The first Bulls baseball squad played their home games at Al Lopez Field in West Tampa while their on-campus ballpark was under construction, with a few games also played at Cuscaden Park in Ybor City. They hosted their first game at their new ballpark on March 4, 1967 with 8–6 loss to Rollins College. On March 18, 1967, the Bulls recorded their first win at the field, a 7–3 victory against St. Andrews College.

The ballpark was known as simply the "USF Baseball Field" until March 30, 1977, when it was renamed in honor of James "Red" McEwen, a civic leader who helped to establish the university as well as an early booster of the university's athletic programs. He was also the brother of iconic longtime Tampa Tribune sports editor Tom McEwen. A plaque honoring McEwen sat at the entrance to the stadium and was later moved to the entrance of the new USF Baseball Stadium after it was constructed to replace McEwen Field in 2011.

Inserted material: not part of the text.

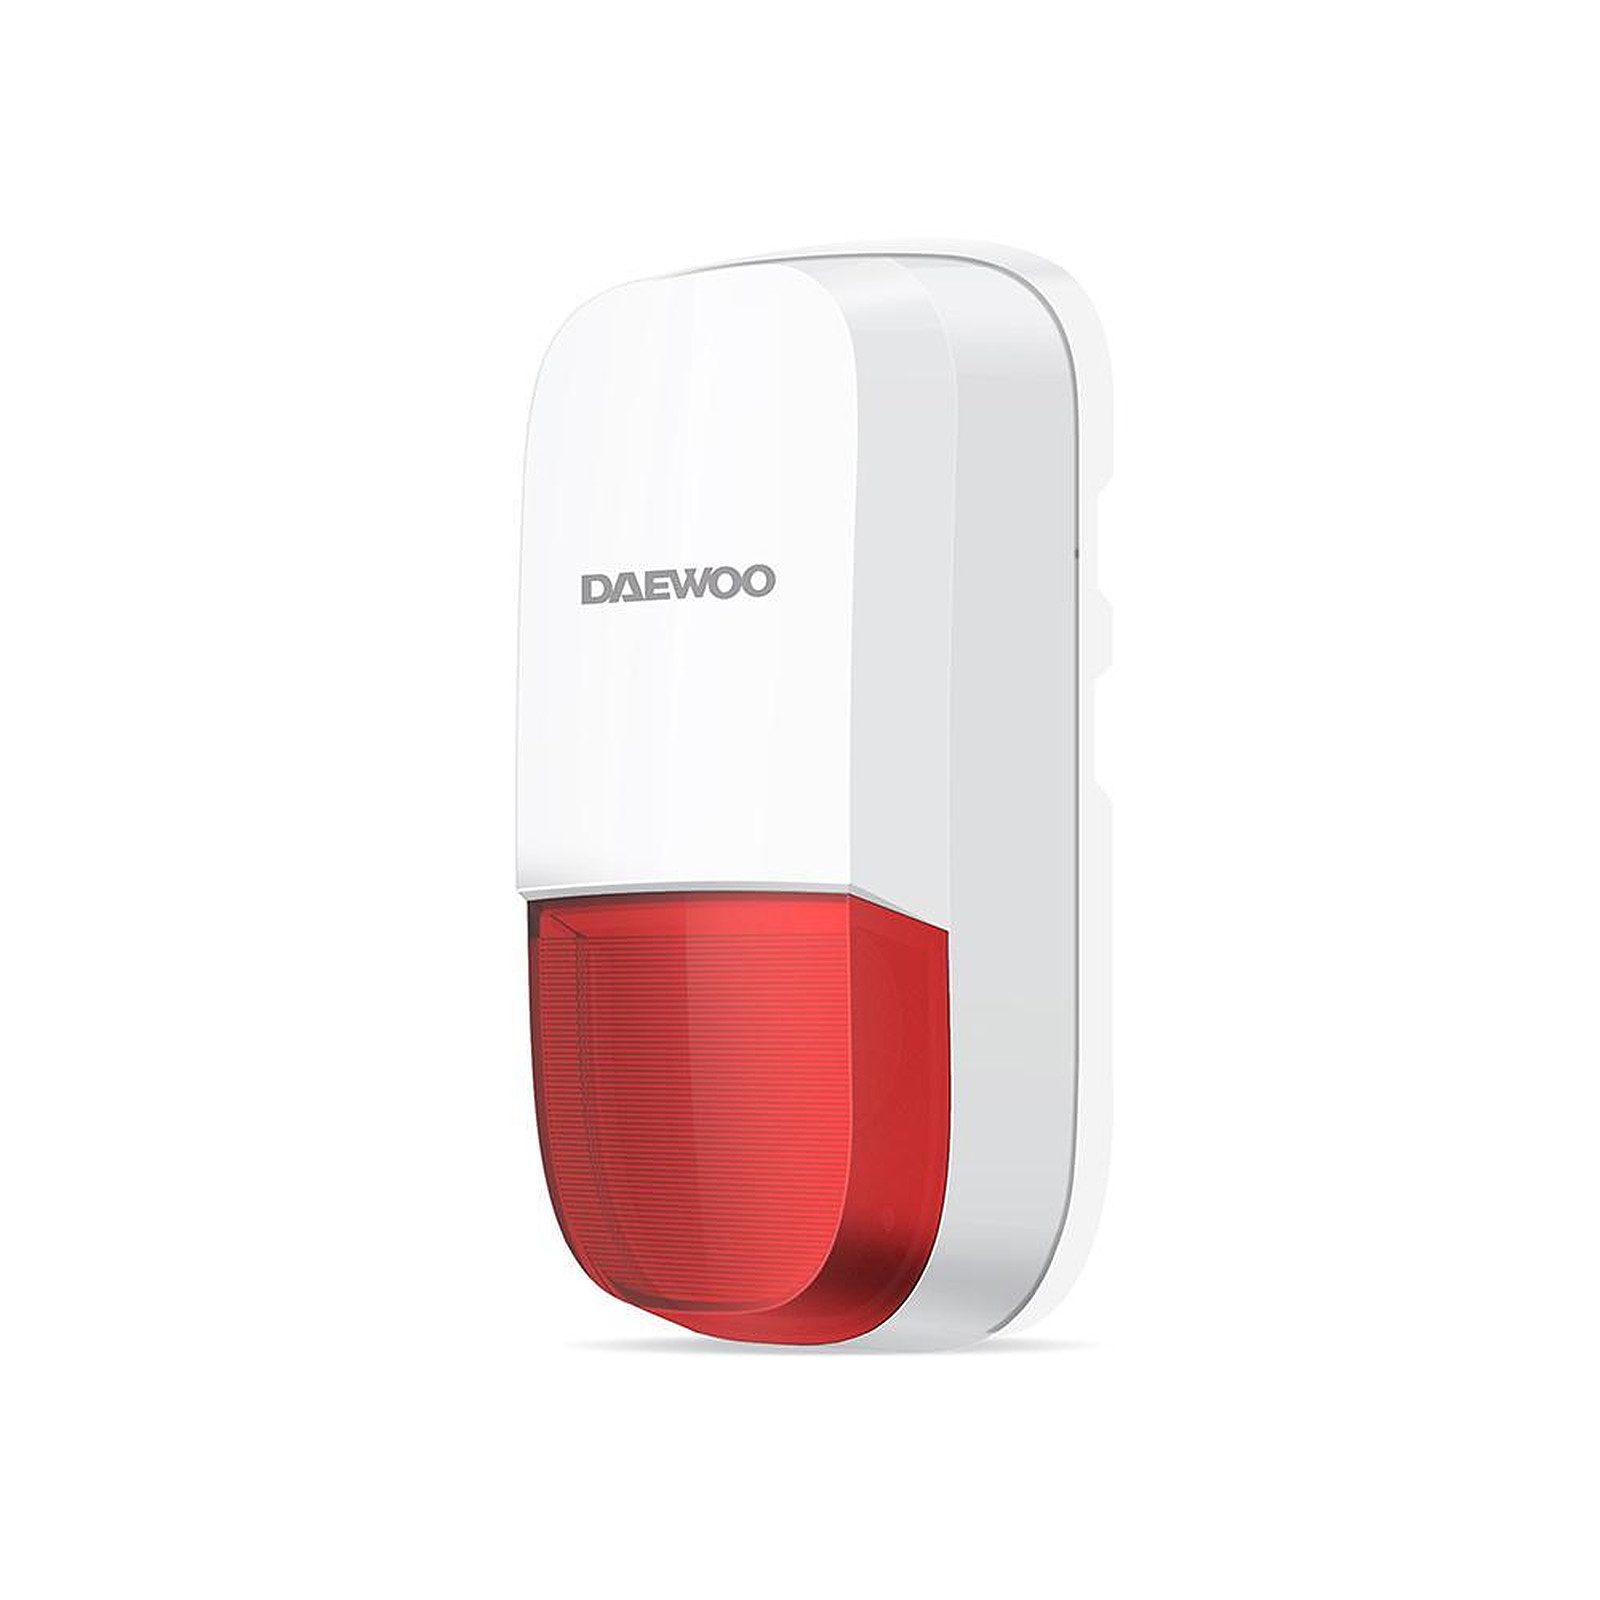 DAEWOO WOS501 - Kit alarme Daewoo
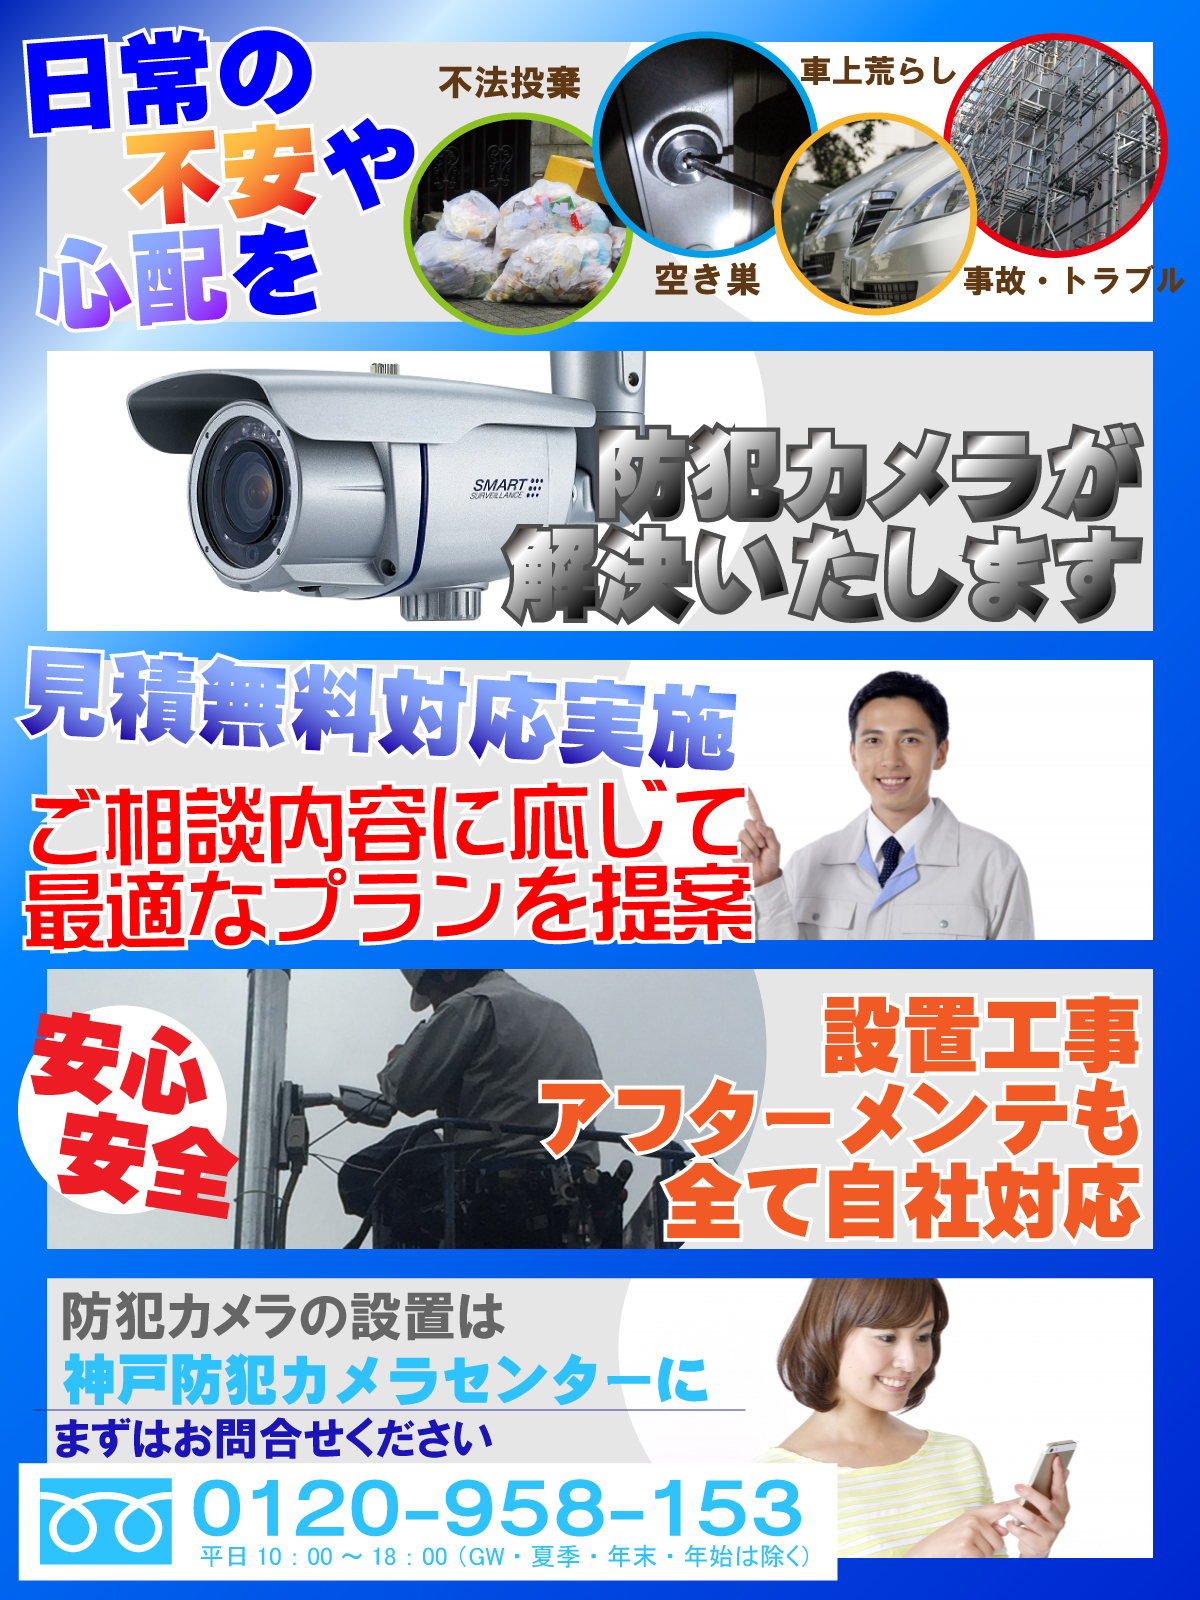 加古郡播磨町での防犯カメラ設置について

A decade after its 1967 construction, a lighting system donated by New York Yankees owner George Steinbrenner was installed, along with added seating that brought the stadium's capacity to 2,500. The field's first night game was played on February 25, 1977, a victory against the University of Tampa. New concessions and restrooms were built in 1982, and a press box followed in 1983. In 1997, a new lighting system was installed.

The New York Yankees Class-A Advanced affiliate Tampa Yankees called the stadium home for their 1994 and 1995 seasons. Future National Baseball Hall of Fame inductees Derek Jeter and Mariano Rivera played during portions of those seasons.

On March 26, 2010, Bulls pitcher Randy Fontanez threw a no-hitter at the field.

The Bulls played their final game at McEwen Field on May 16, 2010, losing to the UConn Huskies 10–3. Former USF players and coaches participated in a pregame ceremony honoring the field.

Following the 2010 season, Red McEwen Field was demolished and construction began on a new baseball stadium complex. The new facility, USF Baseball Stadium at Red McEwen Field, stands on the same site as McEwen Field, though its alignment was changed to accommodate a new concourse area shared with the (also new) USF Softball Stadium, with home plate in the current ballpark situated in the former right field of "Old Red".